A Warning From the First Circuit: An Appeal Where Briefs Did Not Adequately Cite the Record or Argue Caselaw is Dismissed

Machado-Rodriguez v. Shinseki, 700 F.3d 48 (1st Cir. 2012). This was an employment discrimination case, a type of lawsuit that the First Circuit Court of Appeals recognized is often complex. Summary judgment was granted against the employee, who appealed to the First Circuit. But “[u]nfortunately, plaintiff’s briefs are textbook examples of how not to litigate a case on appeal, infracting some important procedural rules” (emphasis in original). The panel therefore dismissed her appeal with prejudice in a per curiam opinion.

Plaintiff’s opening brief offered no “specific record cites to support her version of the facts,” despite Federal Rule of Appellate Procedure 28(a)(7), which requires a statement of facts “with appropriate references to the record.” Nor did that brief provide “the necessary caselaw” or “reasoned analysis to support her theories.” This violated Rule 28(a)(9), which calls for the argument section of a brief to include “appellant’s contentions and the reasons for them, with citations to the authorities and parts of the record on which the appellant relies.” Her reply brief was little better, offering “a smattering of record cites” and no caselaw at all.

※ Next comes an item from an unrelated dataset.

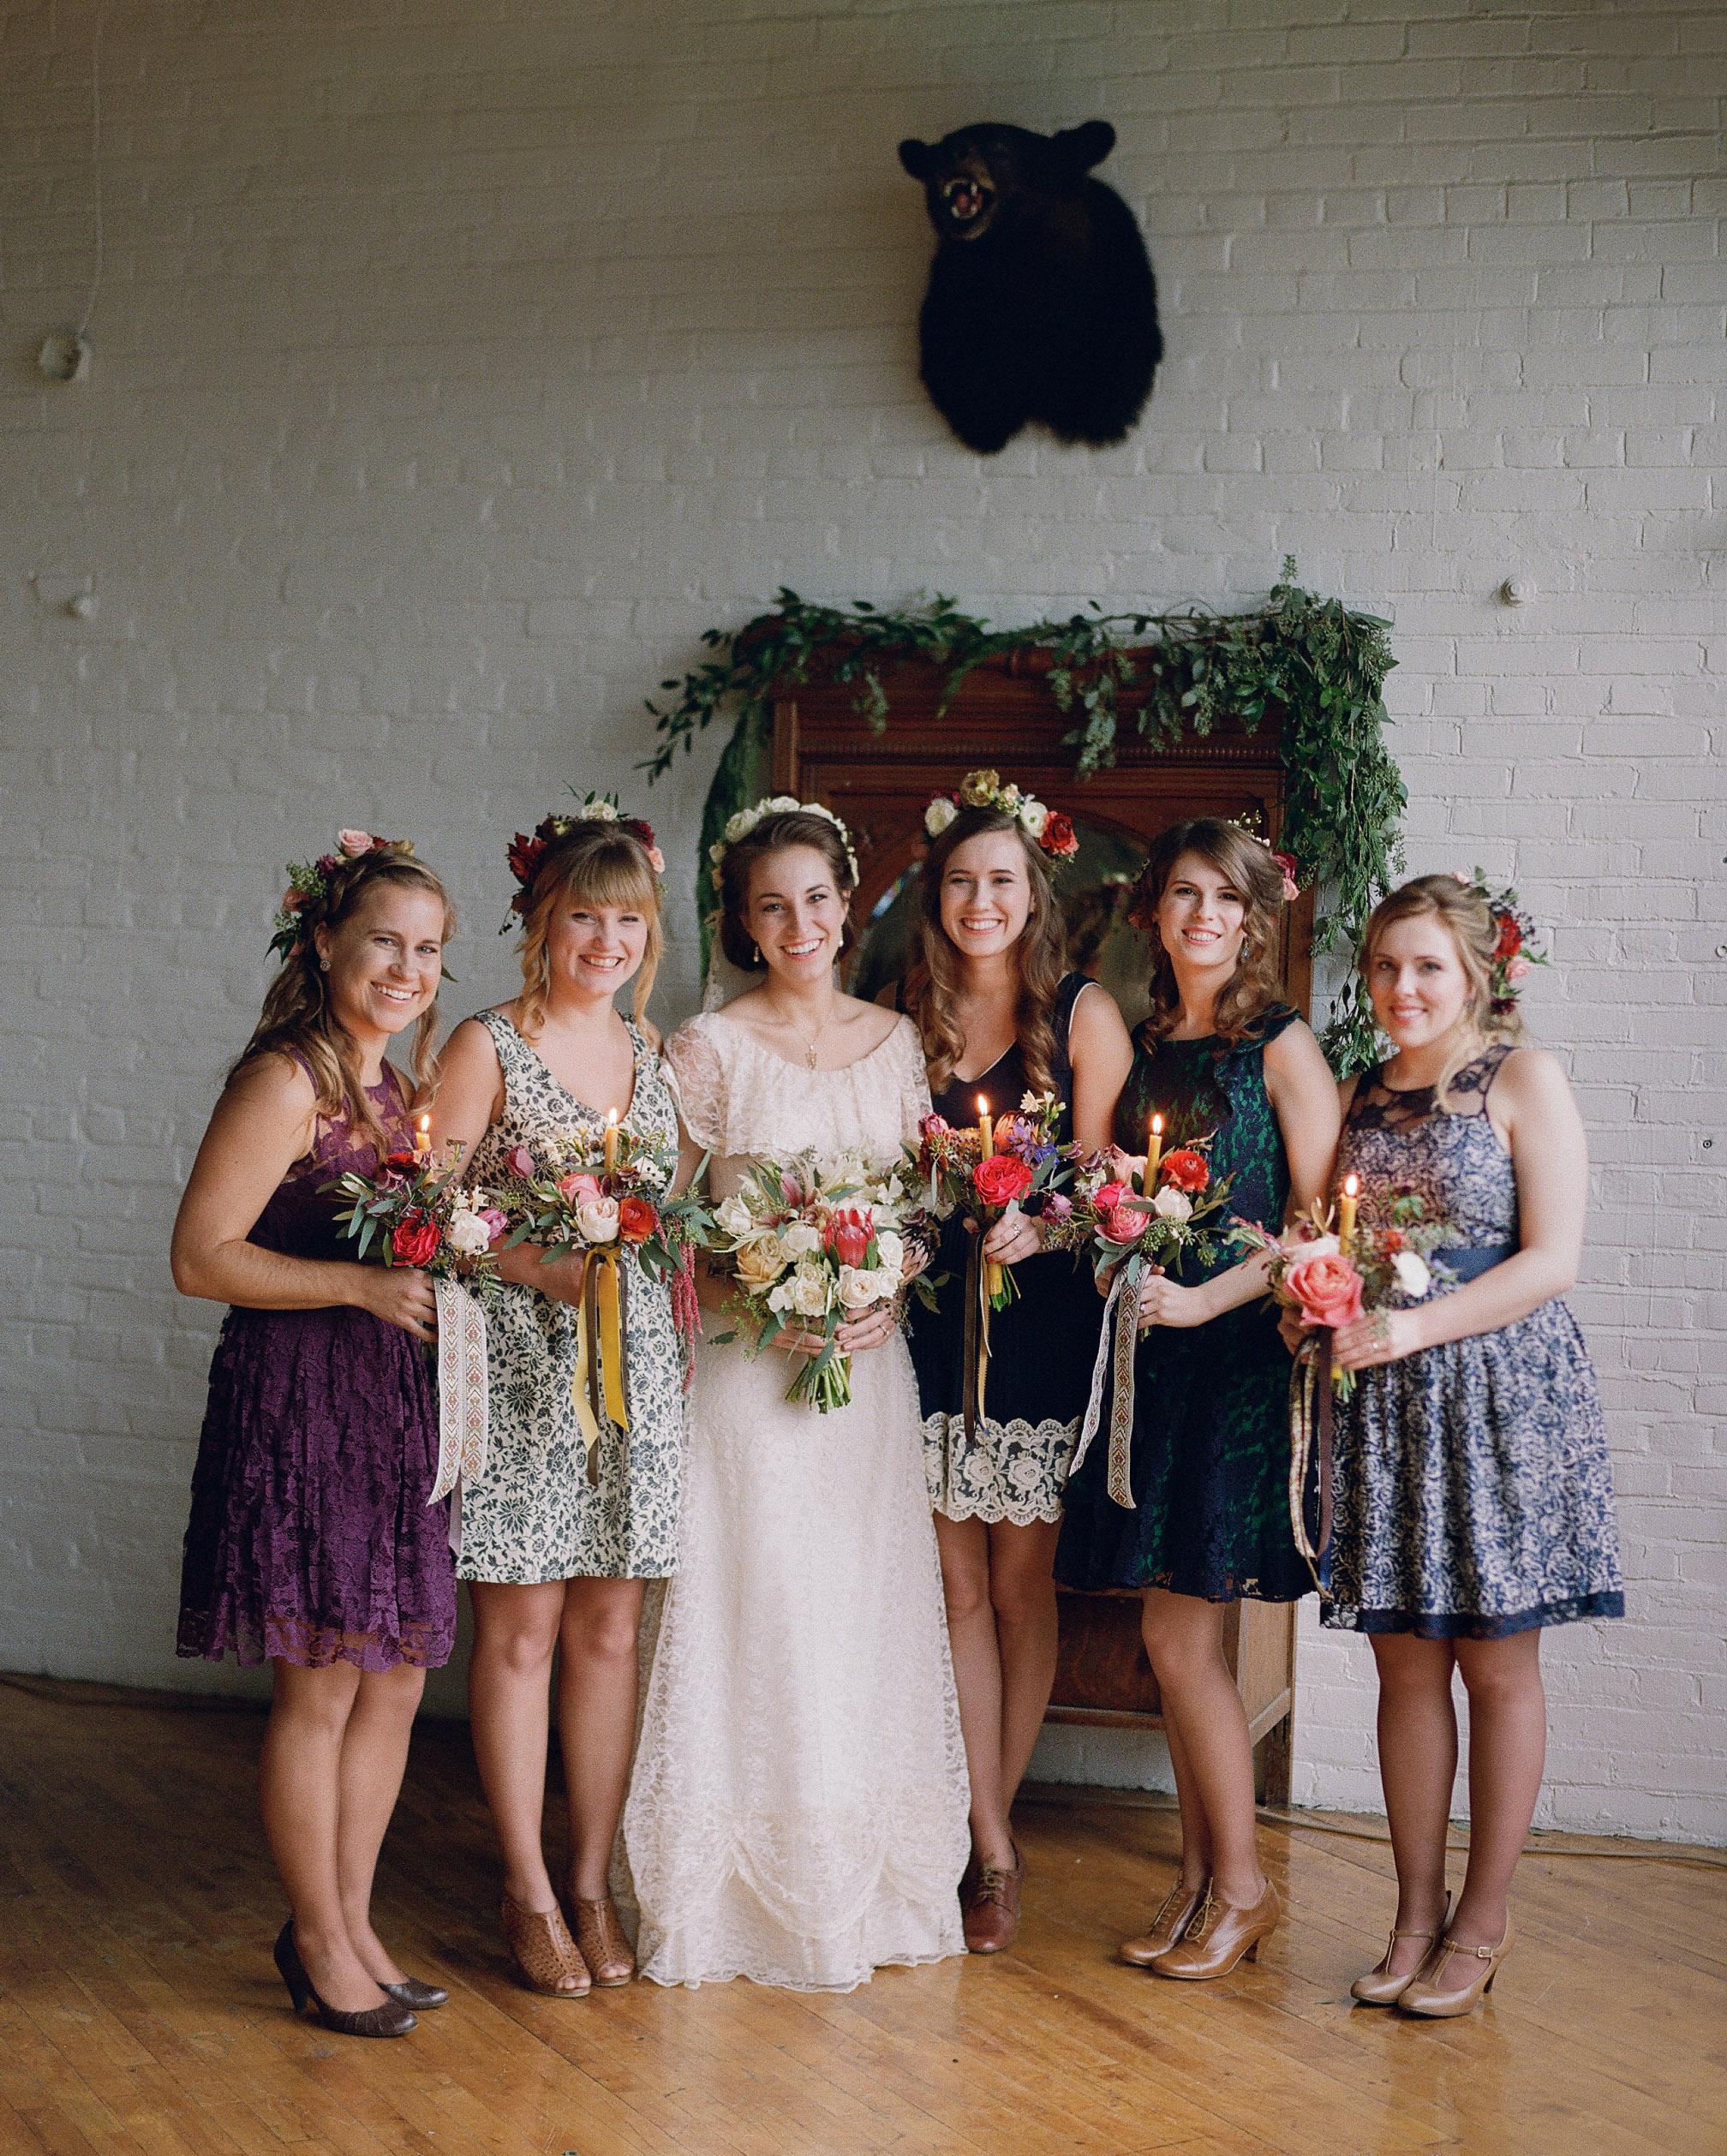 sidney-dane-wedding-bridesmaids-176-s112109-0815.jpg

As the First Circuit saw it, plaintiff was “asking us to do one of two things: accept what she says as gospel or mine the record ourselves to confirm the truth of her story– and there is no reason for us to do either.” Quoting United States v. Dunkel, 927 F.2d 955, 956 (7th Cir. 1991), the panel observed that “judges are not like pigs, hunting for truffles in the record.” Since “[p]laintiff’s lackluster way offends some major appellate procedural rules and controlling caselaw,” the appeal was dismissed with prejudice.

Such an extreme result does not occur often. But it is useful to be reminded that it can occur.